Dataset excerpts:

((

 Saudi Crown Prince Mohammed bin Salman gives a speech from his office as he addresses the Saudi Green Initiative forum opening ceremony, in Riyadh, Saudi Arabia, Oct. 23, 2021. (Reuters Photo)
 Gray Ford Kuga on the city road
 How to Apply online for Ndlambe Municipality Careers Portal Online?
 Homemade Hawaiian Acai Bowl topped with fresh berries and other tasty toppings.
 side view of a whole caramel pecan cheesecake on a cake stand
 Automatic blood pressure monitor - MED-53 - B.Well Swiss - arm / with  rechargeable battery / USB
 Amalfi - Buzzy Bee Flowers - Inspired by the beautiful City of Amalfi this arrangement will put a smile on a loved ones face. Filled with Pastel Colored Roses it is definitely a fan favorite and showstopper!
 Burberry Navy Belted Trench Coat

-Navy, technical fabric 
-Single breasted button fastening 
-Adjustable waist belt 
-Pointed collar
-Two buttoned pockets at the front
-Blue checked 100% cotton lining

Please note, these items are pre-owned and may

))

What to produce
Set down the records again, exactly.

Solution below
 Saudi Crown Prince Mohammed bin Salman gives a speech from his office as he addresses the Saudi Green Initiative forum opening ceremony, in Riyadh, Saudi Arabia, Oct. 23, 2021. (Reuters Photo)
 Gray Ford Kuga on the city road
 How to Apply online for Ndlambe Municipality Careers Portal Online?
 Homemade Hawaiian Acai Bowl topped with fresh berries and other tasty toppings.
 side view of a whole caramel pecan cheesecake on a cake stand
 Automatic blood pressure monitor - MED-53 - B.Well Swiss - arm / with  rechargeable battery / USB
 Amalfi - Buzzy Bee Flowers - Inspired by the beautiful City of Amalfi this arrangement will put a smile on a loved ones face. Filled with Pastel Colored Roses it is definitely a fan favorite and showstopper!
 Burberry Navy Belted Trench Coat

-Navy, technical fabric 
-Single breasted button fastening 
-Adjustable waist belt 
-Pointed collar
-Two buttoned pockets at the front
-Blue checked 100% cotton lining

Please note, these items are pre-owned and may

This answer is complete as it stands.